Until the late 1980s, Susai’s entire family in Pattinapakkam was involved in fishing in the Adyar estuary. Now, only his son, Sahayam, ventures into the sea for fishing. The reason is that heavy pollution near the estuary does not allow much aquatic life to thrive.
“When I was young, there were no buildings close to the Adyar estuary and even till the Saidapet bridge. Only after the 1980s did buildings come up and the river turn into a garbage dump and sewage carrier. Earlier, fish used to leap out of the water at the estuary and there was plenty of catch. The water used to be crystal clear. Now, fish die in the stretch near the broken bridge as the river is polluted with sewage,” said 62-year-old Susai.
The income of many fishing households has trickled down to a minimum over the years because of the degradation of the river. “We can’t even find enough fish to cook leave alone sell. My son goes to sea and we manage with his meagre earnings,” said Susai.

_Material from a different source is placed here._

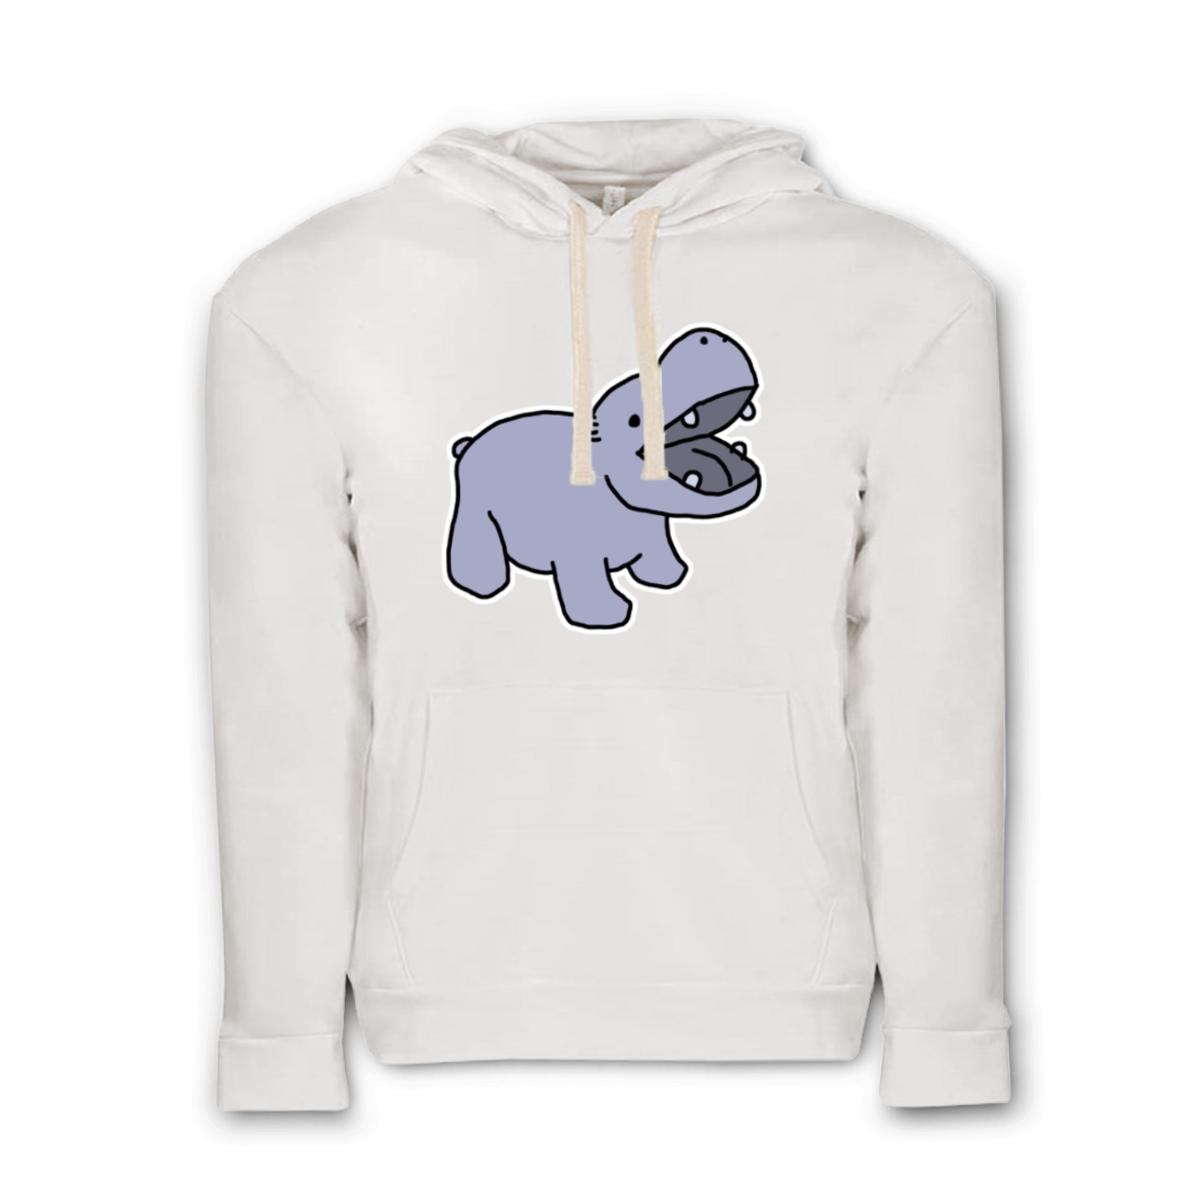 Toy Hippo Unisex Pullover Hoodie Large white

Susai and his brother Antony were featured in the documentary on the Adyar made by Siddharth Muralidharan, a filmmaker.
“You can still find people fishing near the Broken Bridge as a habit. But, many often fall sick because of stepping into slushy stretch of river. Some are even considering taking up jobs as security staff to earn a living. Indigenous fishing must be recognised and the sewage that comes into the river must be treated,” said Mr. Muralidharan who moderated a conversation with representatives from fishing community at the Chennai Water Forum.